The firm's archives once dated as far back as 1796, and its founder, the German-born jeweler Andreas Roempler, was established in St. Petersburg as early as 1790. In the registers of the German colony of this city he is called Master of Diamonds. He functioned as official appraiser to the Russian Imperial Court from the early 1790s. His eldest daughter, Sofia, married Gottlieb Ernst Jahn, a goldsmith, who subsequently became Roempler's partner. Jahn is known to have supplied an opal and diamond jewelry suite, comprising a tiara, necklace and bracelet, at the occasion of the christening of Grand Duke Nicholas Nikolaevich of Russia on 17 May 1834. The price of 169,601 roubles was the highest ever paid for a christening gift in the nineteenth century.
In 1833 Carl Edvard Bolin arrived in St. Petersburg and began to work for Andreas Roempler. In 1834 he married Ernestine Catharina, another daughter of the recently deceased Roempler, becoming a full partner at the occasion of his marriage. The firm was henceforth named Jahn & Bolin. Brother-in-law Jahn died in 1836, leaving Bolin as partner to Jahn's widow. In 1839 the partners submitted a request to become Jewelers to the Imperial Court, which was granted. The name Jahn & Bolin prevailed for another two decades.
Bolin rapidly became the most important jeweler in St. Petersburg. At the peak of his activity, he supplied more to the Imperial Court than all other jewelers put together. Towards the end of the nineteenth century some of the leading Paris houses, in particular Boucheron, established themselves in Russia, and were granted commissions. From the 1890s, Bolin's main competitor was Fabergé, and although the Bolins continued to make most of the large pieces of jewelry for the Court, Fabergé surpassed Bolin in numbers and possibly also in turnover. The total invoiced was 339,400 roubles.

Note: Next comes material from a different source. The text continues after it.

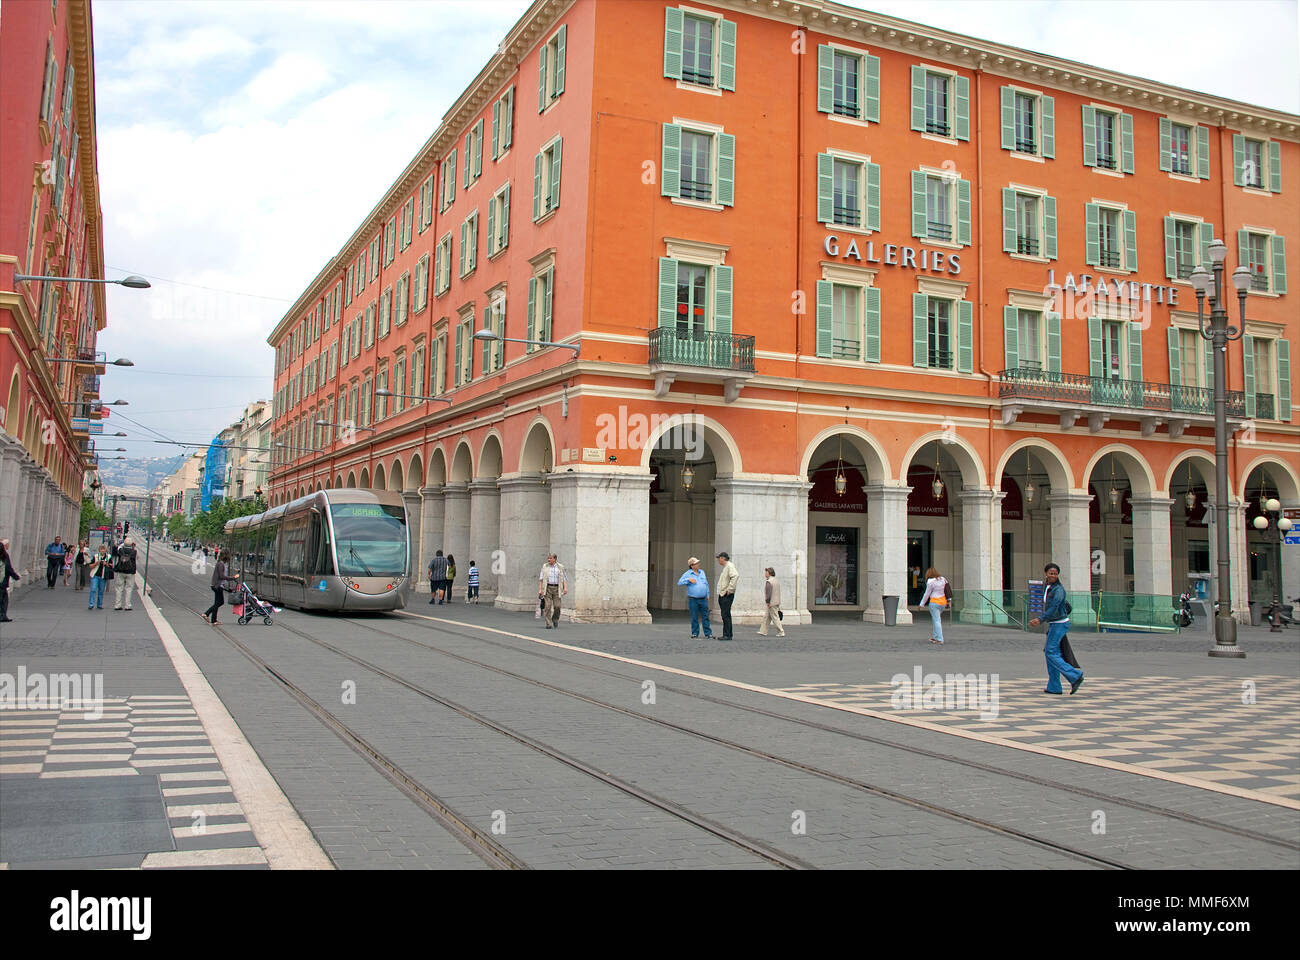 Linien d'Azur, Straßenbahn am Einkaufszentrum Lafayette, Place Masséna, Nizza, Côte d'Azur, Alpes Maritimes, Südfrankreich, Frankreich, Europa Stockfoto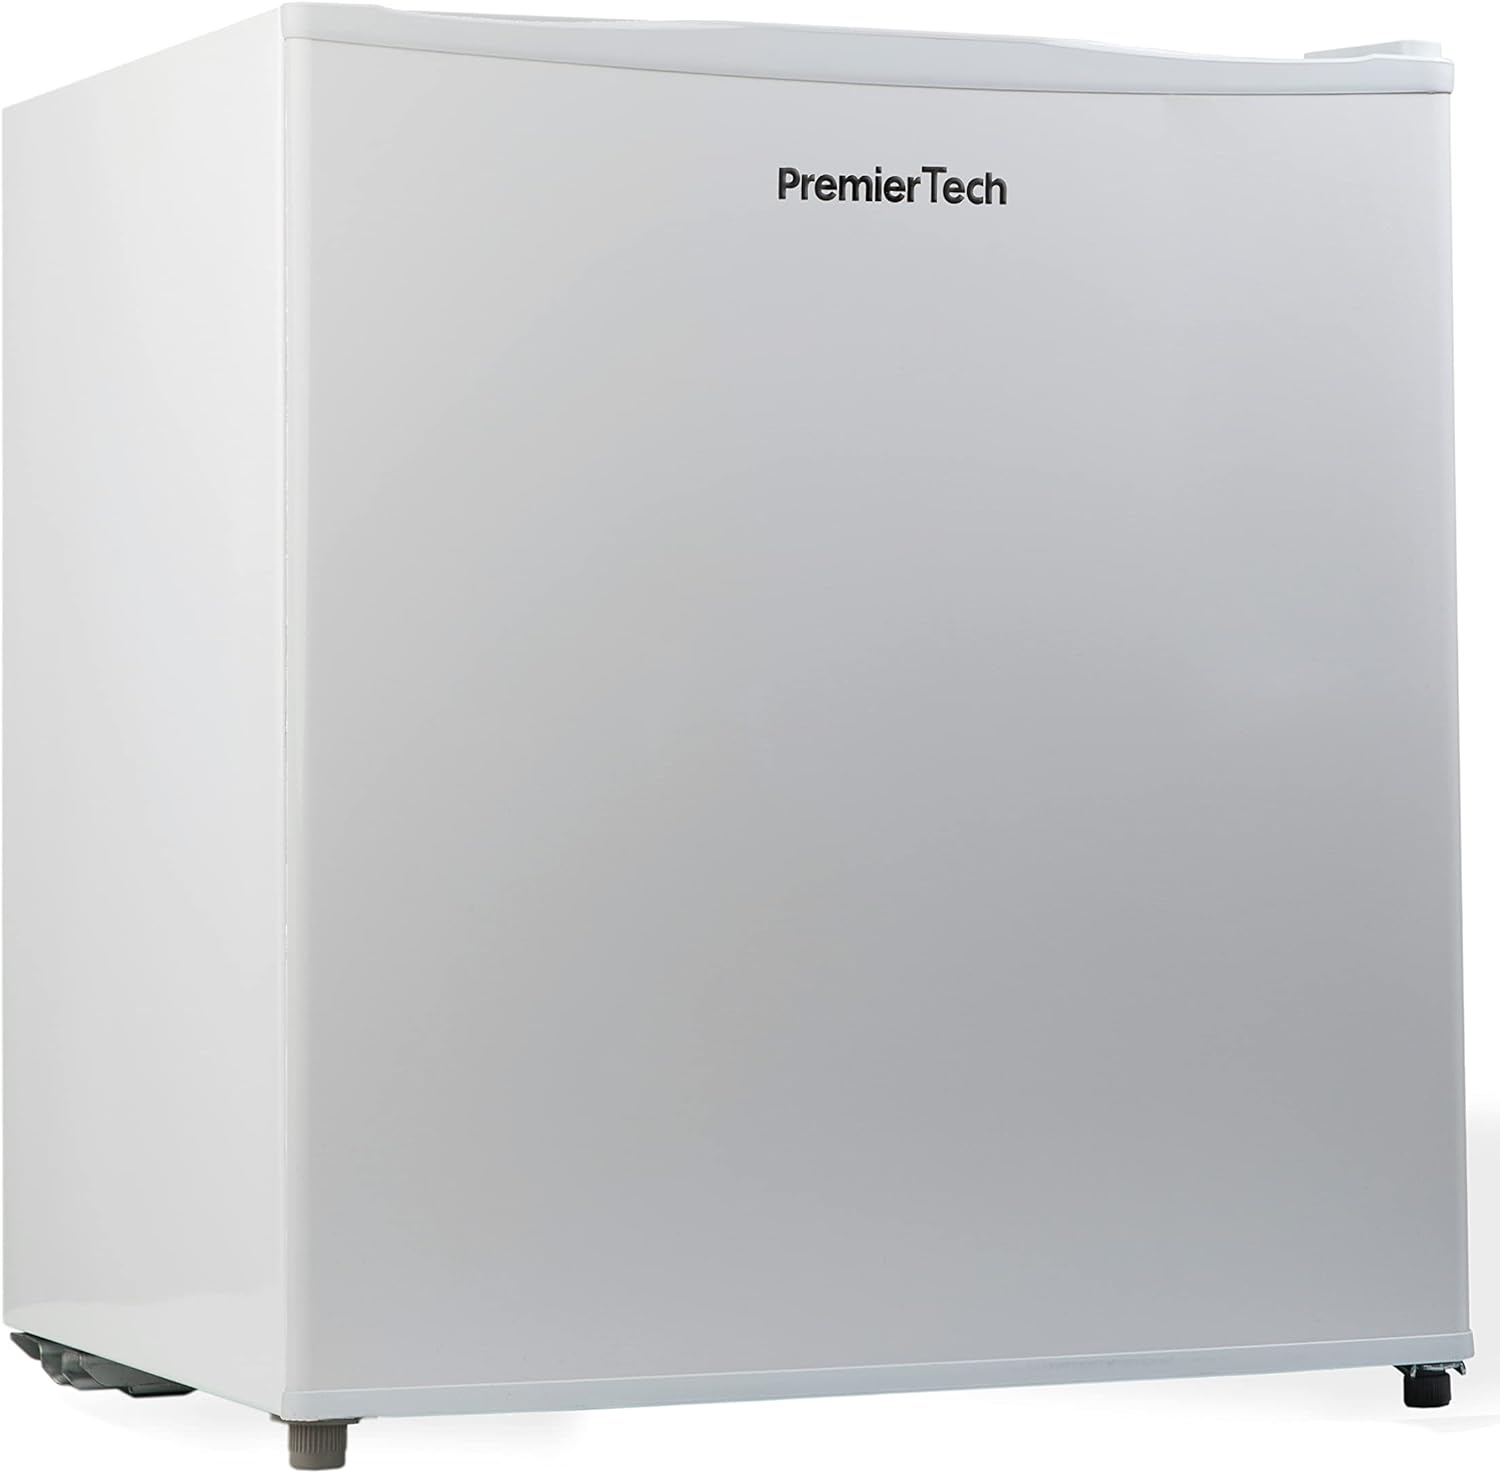 PremierTech Mini Congelatore Compatto Mini Freezer 32 litri -24° gradi 4**** Stelle PT-FR32 Classe E

In 1836 Henrik Conrad, then only sixteen years old, joined his elder brother in St. Petersburg, staying with Carl Edvard until 1852 when he opened a shop of his own in Moscow in partnership with an Englishman, James Steuart Shanks. Their shop was called Shanks & Bolin, Magasin Anglais, and was situated on the exclusive Kuznetski Most. They sold not only jewelry and silverware (this being Henrik Conrad's department) but also ladies' luxury accessories such as handbags, gloves, plumes, luxurious underwear, etc. This partnership did not last long and Henrik Conrad continued the business alone, though the Shanks an Bolin name continues on silverware until the 1880s. His specialty was fine silverware which he manufactured and sold in Moscow and with which he supplied his St. Petersburg relatives. Originally the silver workshop was run by Maria Linke, and later by her son, Konstantin.